In one randomised, clinical trial (RCT) of 29 pregnant women, the NDA said the small sample size, inconsistent findings for various intelligence tests including hand-eye coordination, problem solving and behaviour, and dose about 10 times the level of that recommended in the claim, and was therefore not “informative”.
It found similar problems with all of the other studies.
For the visual development claim, Merck submitted 15 RCT, one non-randomised controlled trial, two observational cohort studies, three meta-analyses of human intervention studies, five systematic reviews, four other review publications, three guidelines/consensus opinions and eight mechanistic human studies.
But NDA said most were not relevant.
“Intervention studies which assessed visual acuity in children who had been either breastfed or fed formula enriched with DHA are not regarded as pertinent for the substantiation of the proposed health claim, nor are RCT which describe the effects of DHA supplementation of pregnant women on the DHA concentrations in maternal and umbilical cord blood and in placenta and RCT conducted with DHA in lactating women which assess the effect on breastmilk DHA content,” it said.

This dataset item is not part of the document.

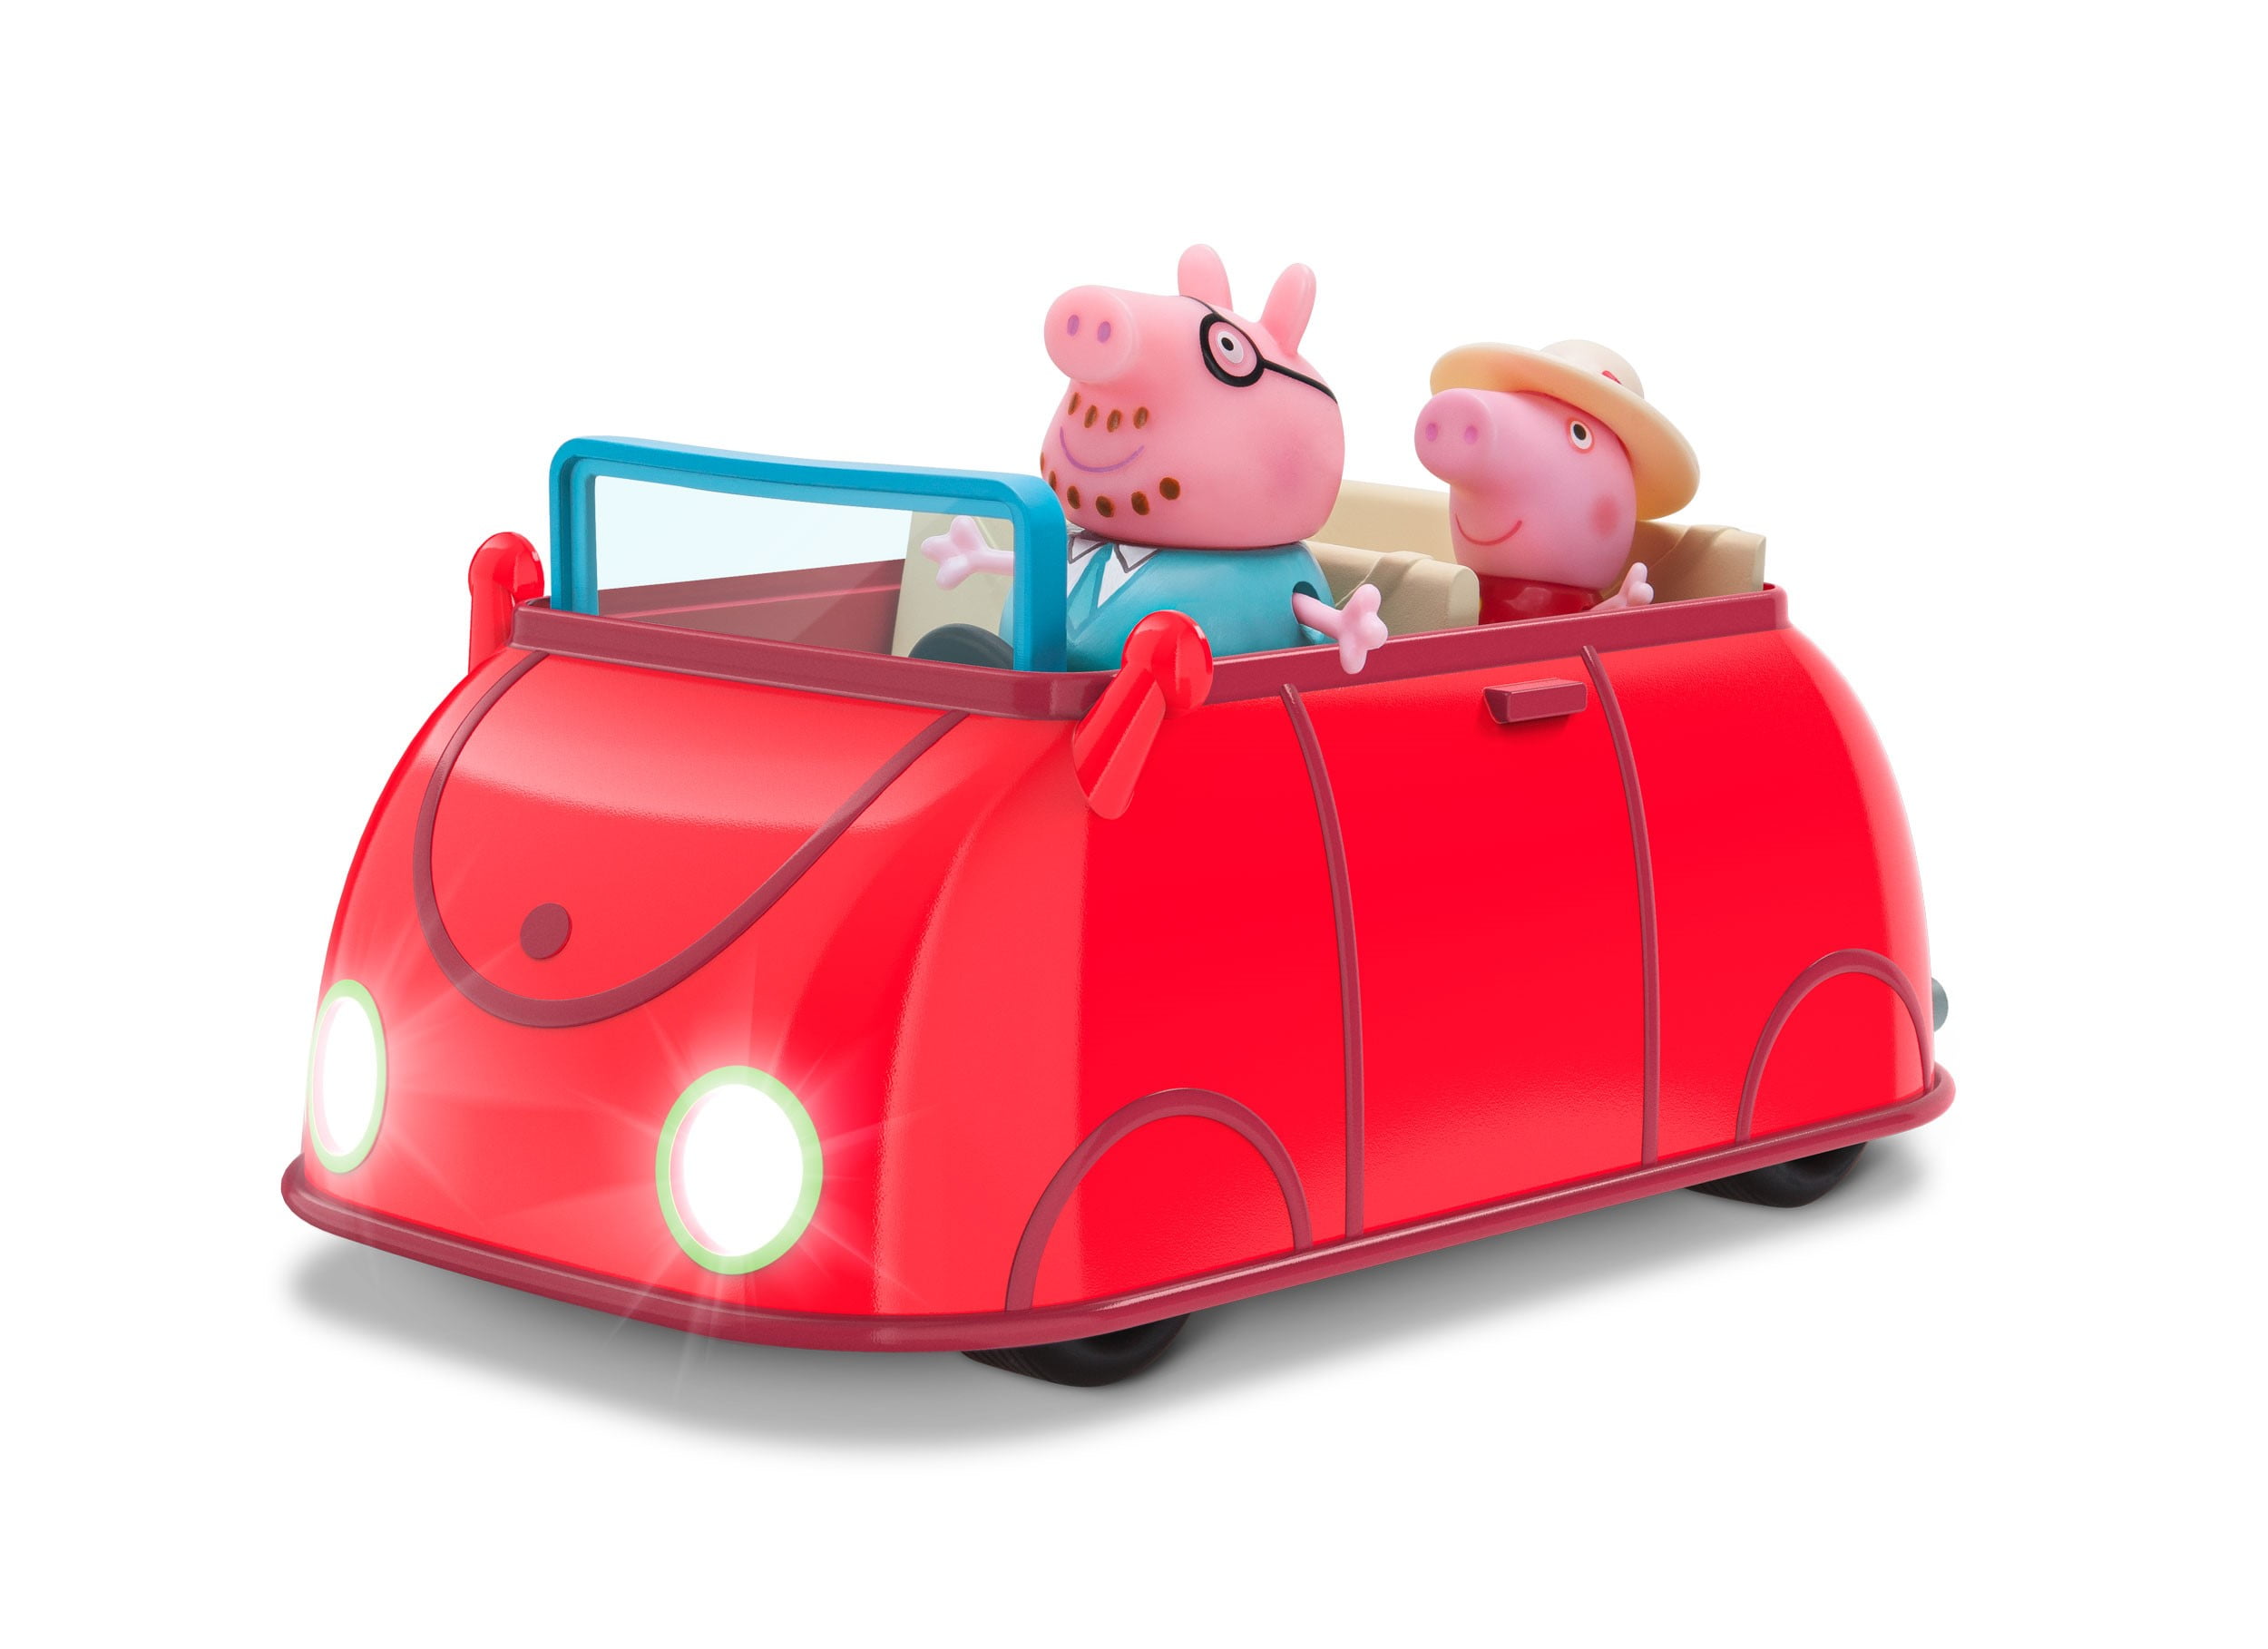 Peppa The Pig surprise Blind Box Bag Car Surprise Suzy sheep toy figure camper 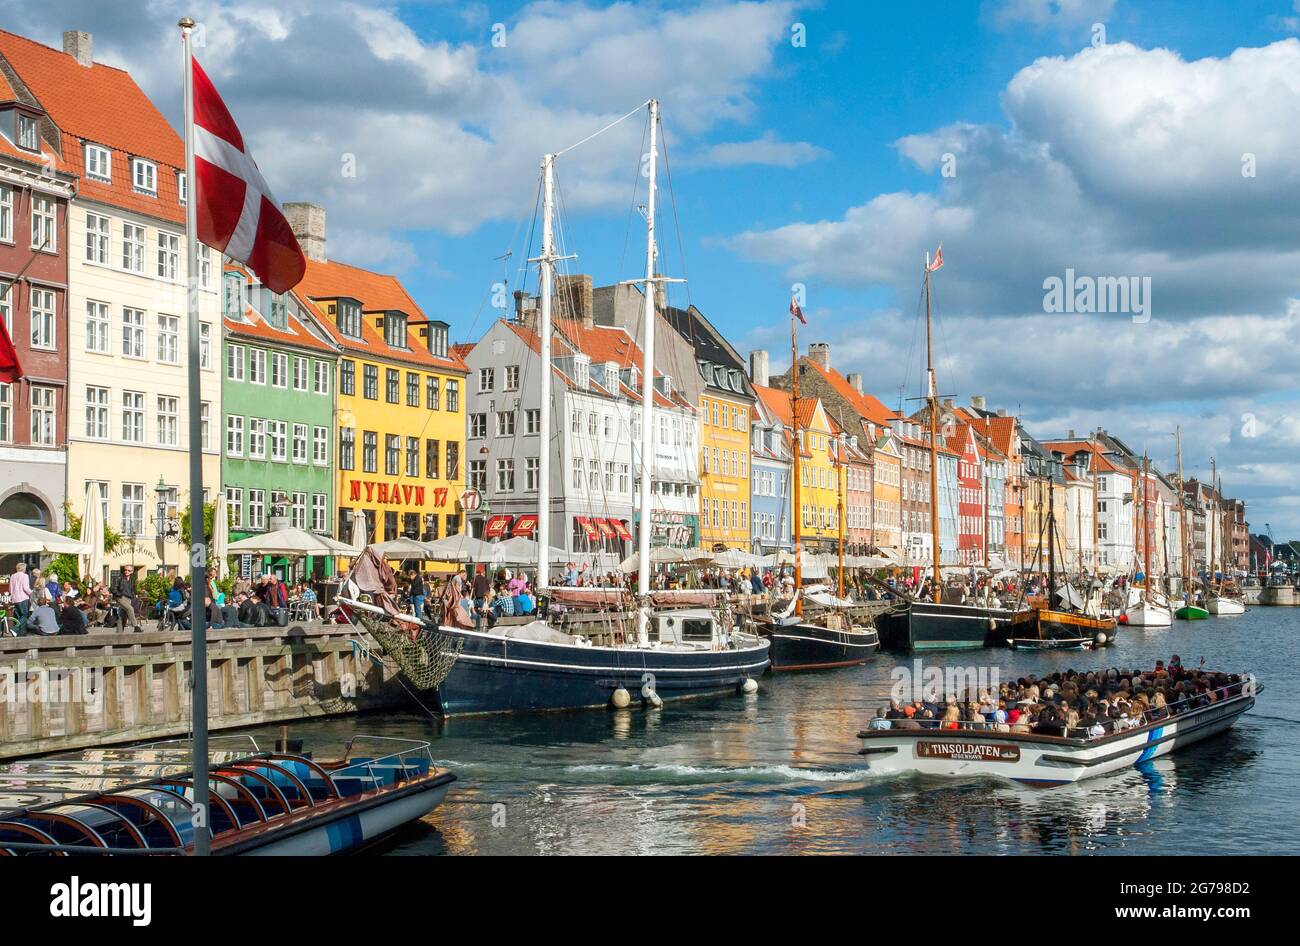 Denmark, Zealand Island / Sjaelland, Copenhagen, Nyhavn, New Harbor in Copenhagen, colorful gabled houses along the canal, tourist attraction harbor tour, sightseeing entertainment district. Stock Photo

Only five RCT trials and a cohort study were considered pertinent but it found them all wanting for the same reasons as described above.
The European Union is attempting to formulate a centralised list under the nutrition and health claims regulation that is due for completion in January, 2010.
To see the visual development opinion click here .
To see the cognitive development opinion click here .
Merck was unavailable for comment by the time of publication.